*INSTRUCTIONS FOR THE TASK*: Please repeat the data below exactly, with the pictures removed.

*DATA*:
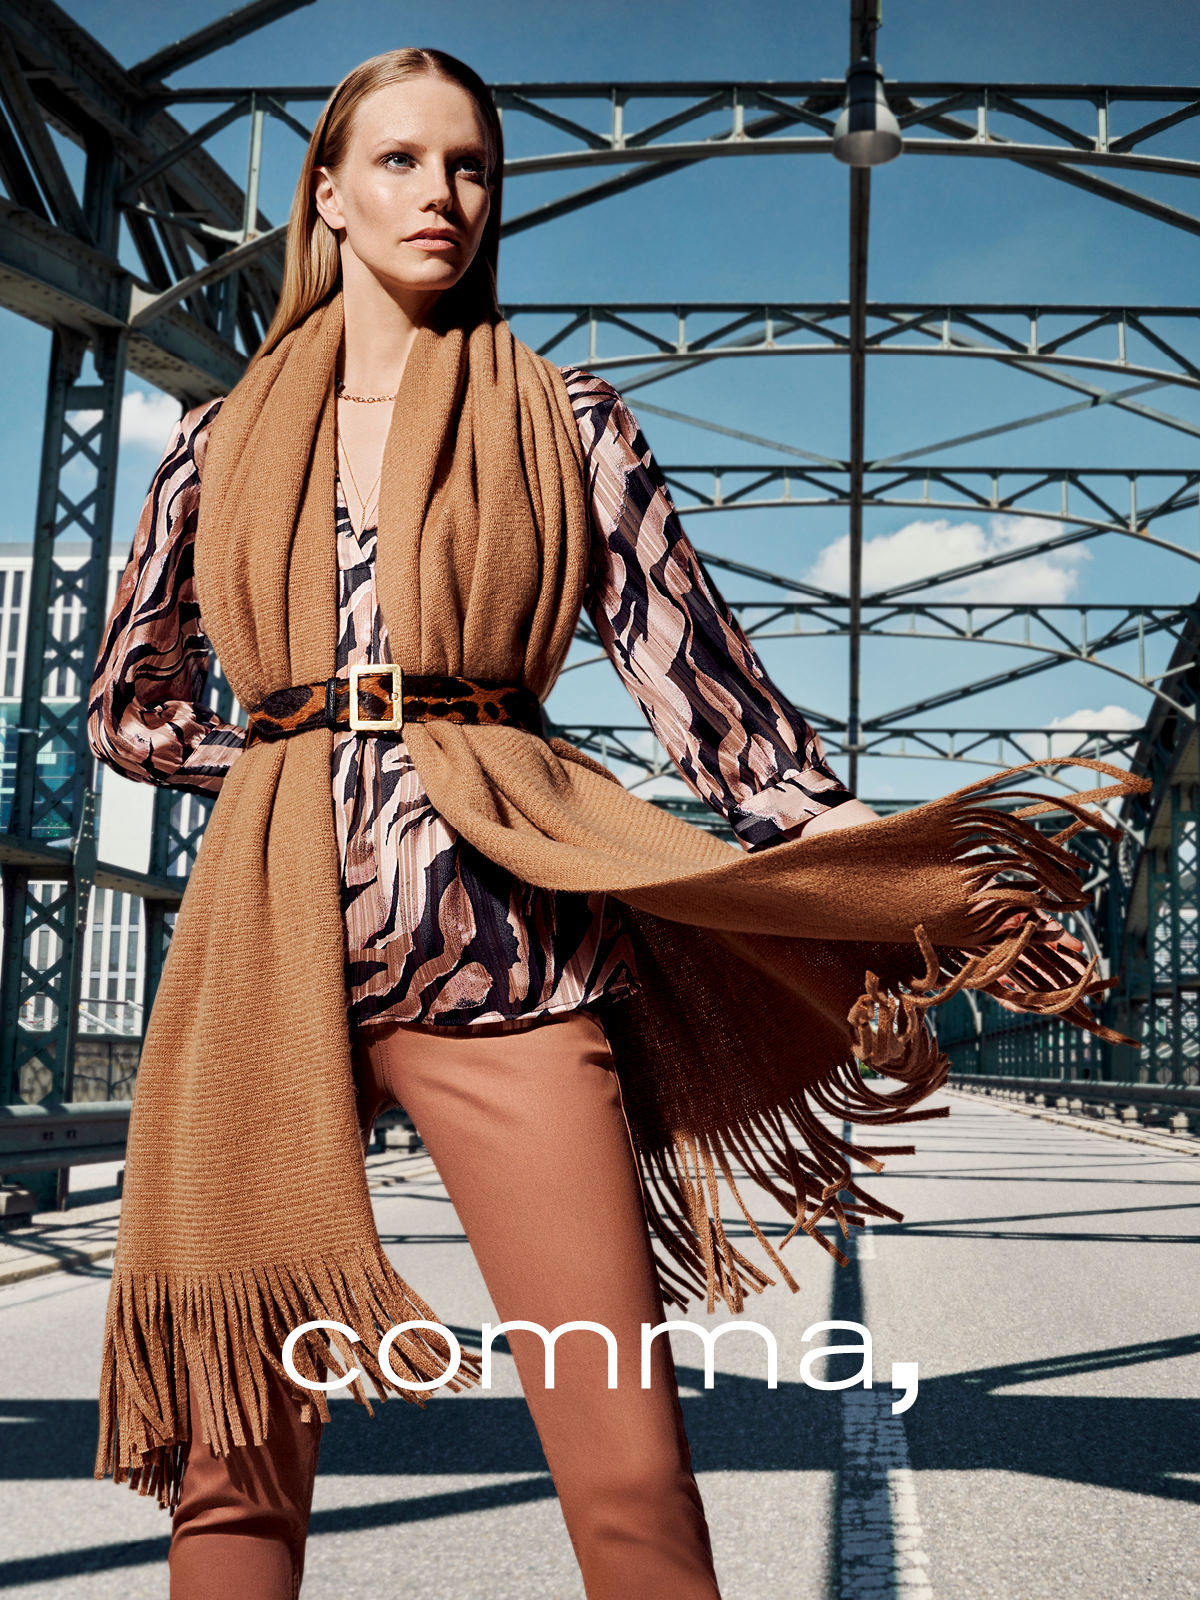 ncm-boutique-damenbekleidung-damenmode-heerbrugg-st.-gallen-comma-herbst-winter-2020
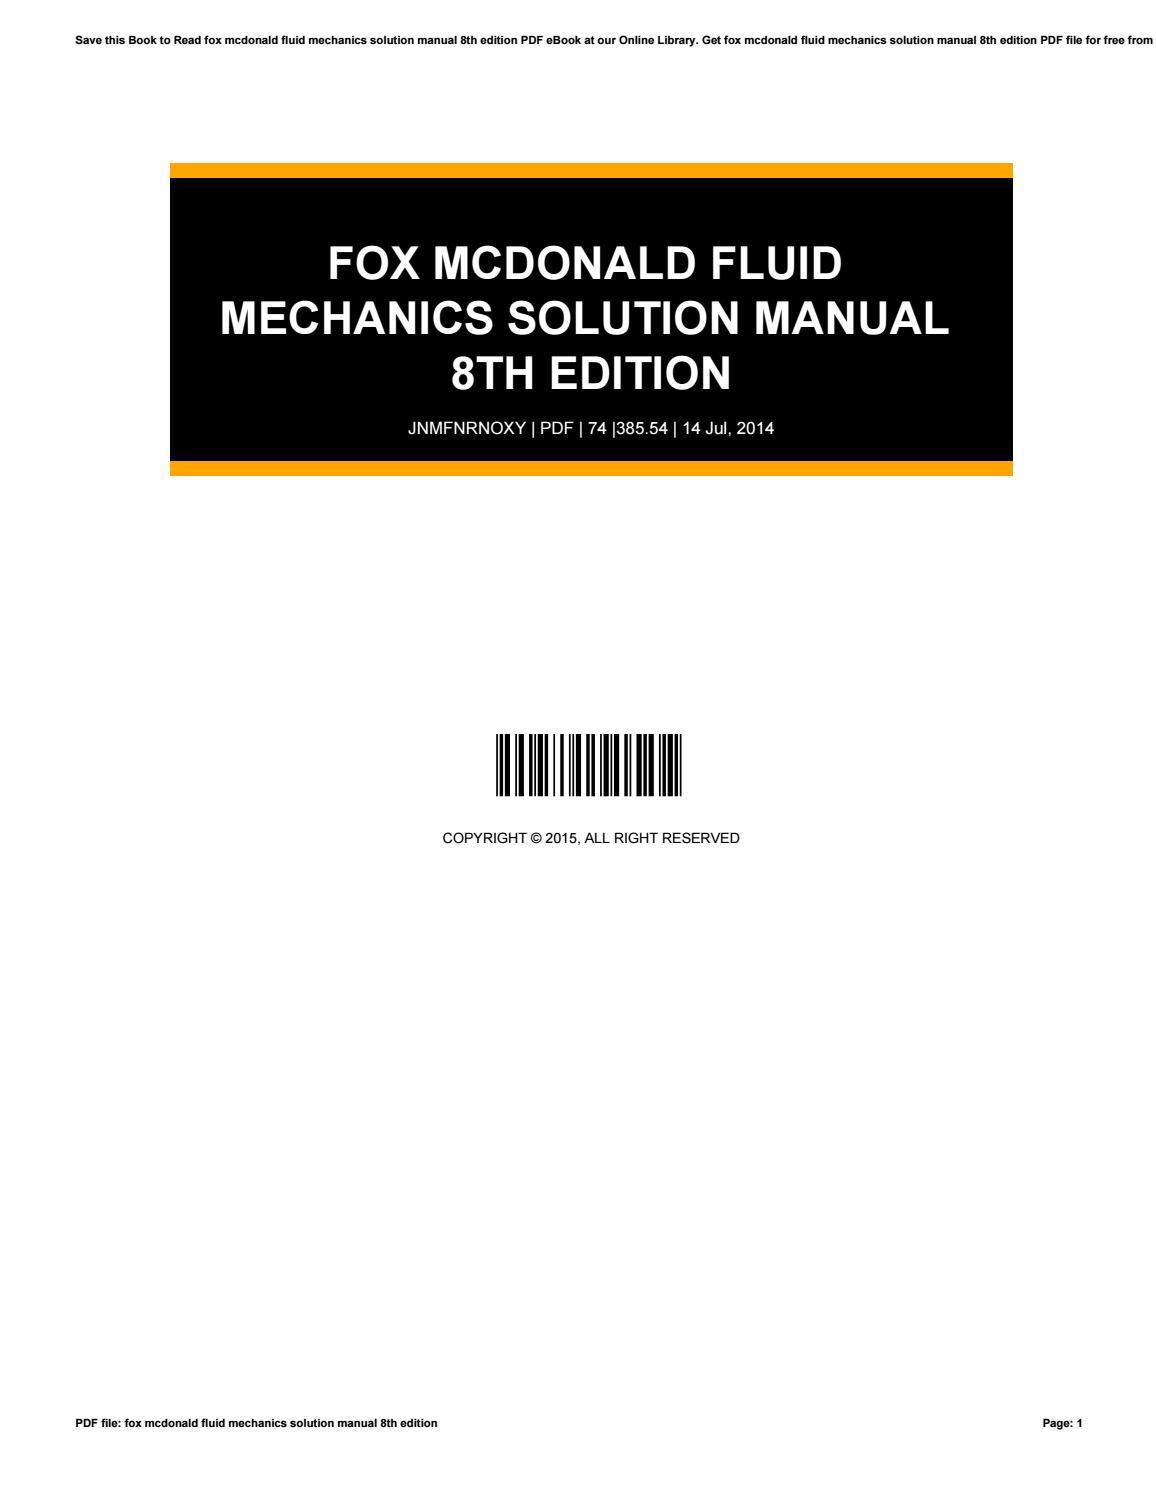 Fox mcdonald fluid mechanics solution manual 8th edition by drivetagdev525  - issuu
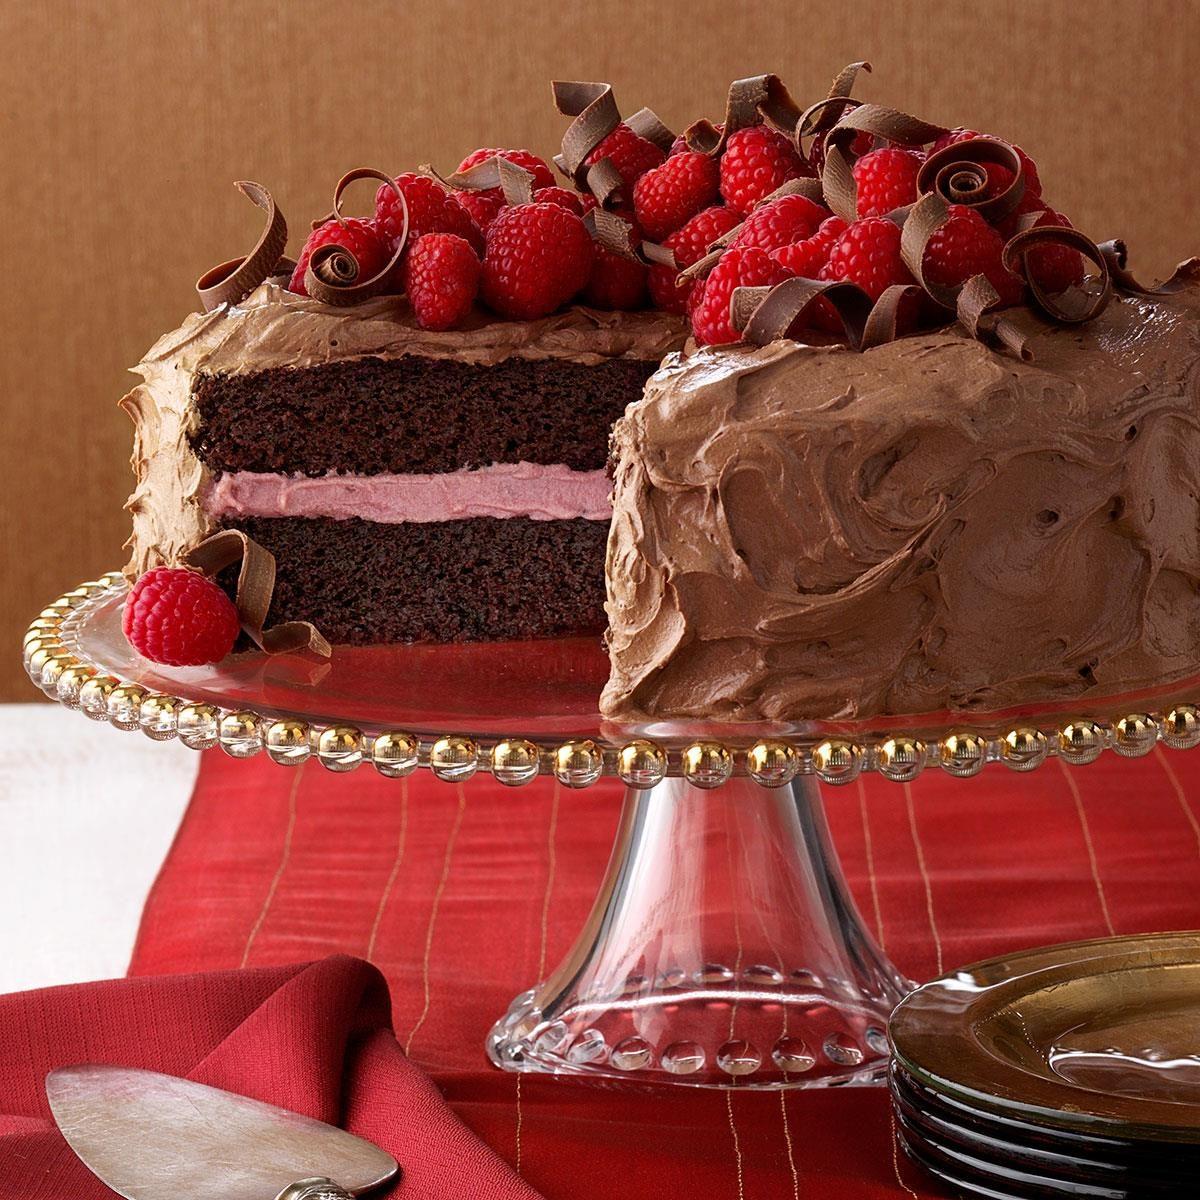 Chocolate Raspberry Cake Recipe | Taste of Home

*RESPONSE TO THIS EXERCISE*:
 ncm-boutique-damenbekleidung-damenmode-heerbrugg-st.-gallen-comma-herbst-winter-2020
 Fox mcdonald fluid mechanics solution manual 8th edition by drivetagdev525  - issuu
 Chocolate Raspberry Cake Recipe | Taste of Home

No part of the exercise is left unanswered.